On Mon, 2014-01-13 at 15:33 -0500, Phillip Hallam-Baker wrote:
> On Mon, Jan 13, 2014 at 3:26 PM, Kent Borg <kentborg at borg.org> wrote:
>         On 01/13/2014 02:35 PM, Phillip Hallam-Baker wrote:
>                 There should be a penalty, no question. But what
>                 should the penalty be?
>         
>         How important *is* this conference?  I admit I have never
>         attended...
> 
> 
> It is the only international trade show for the IT security industry. 
> 
> 
> Try 10,000 people coming to buy products to protect themselves from
> the NSA etc.

I may be excessively cynical here, but when you wrote "etc" I think 
you might have been misspelling "RSA."

Why should we ask someone go to an RSA conference to get products 
to protect themselves from RSA itself?  Considering the conflicts 
of interest, that doesn't seem likely to be fruitful, does it?
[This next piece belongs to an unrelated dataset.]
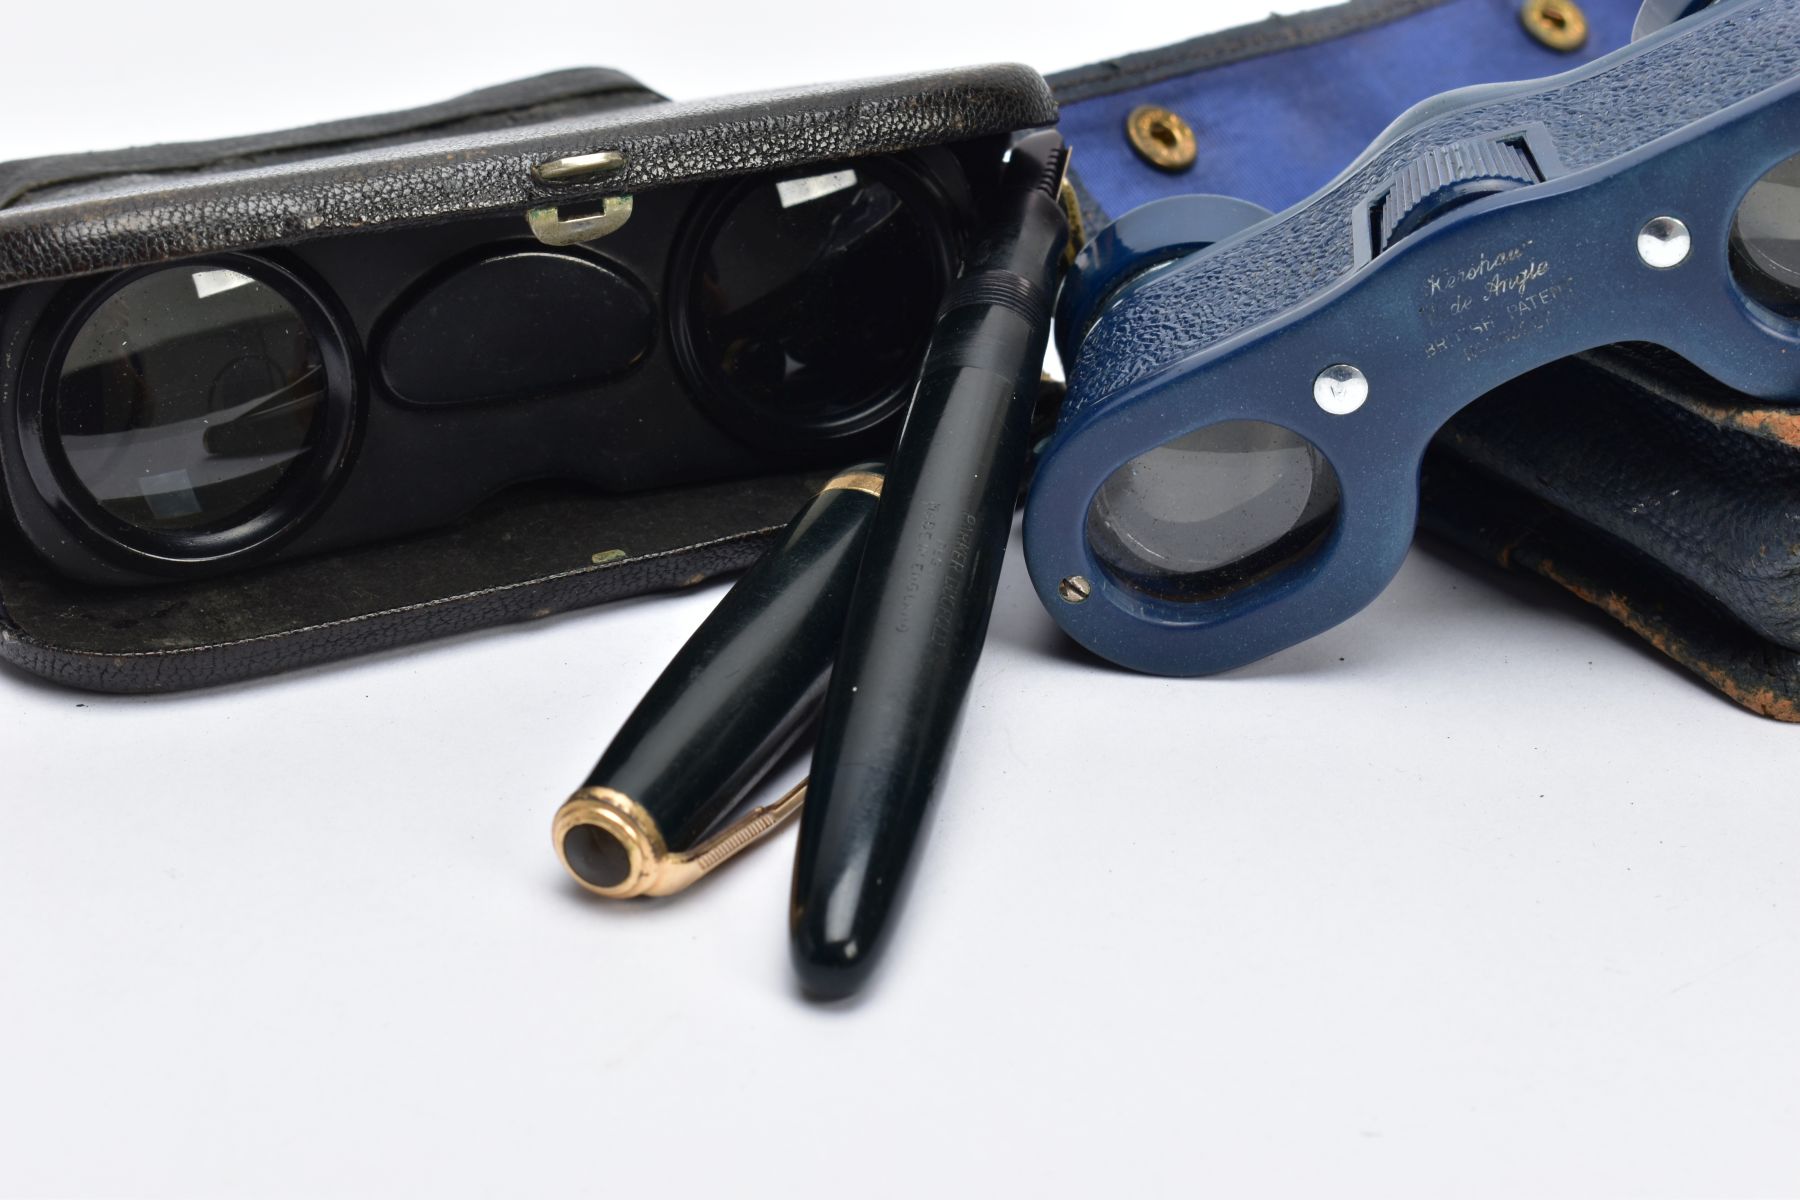 TWO PAIRS OF OPERA GLASSES AND A PARKER FOUNTAIN PEN, a cased pair of blue Kershaw opera glasses, - Image 3 of 4

While I think that a simple boycott is too broad, there has to be 
an alternative course of action.  The industry needs conferences 
(for sales) but would prefer not to have RSA's name plastered on 
them (for credibility).  The public needs conferences (for security
information and products) but would prefer not to be going to a 
conference organized by the very same people they have discovered 
that they need to secure their business against.  

Both groups would be well-served by a parallel series of security
conferences, scheduled very deliberately to conflict with RSA's 
conferences and ideally not open to companies who are also presenting 
the same papers or products at the RSA conferences.  

That would allow people to actually *do* the boycott of the RSA 
conferences without missing all possibility of making sales or all 
possibility of securing their infrastructure.  It would reduce 
the level of collateral damage and allow the very targeted kind 
of boycott that I think everyone could support. 

Can we get a University (one with a hell of a good math program, 
or who offer graduate degrees in cryptography) to organize one, or
if they won't organize it could we get them to host it?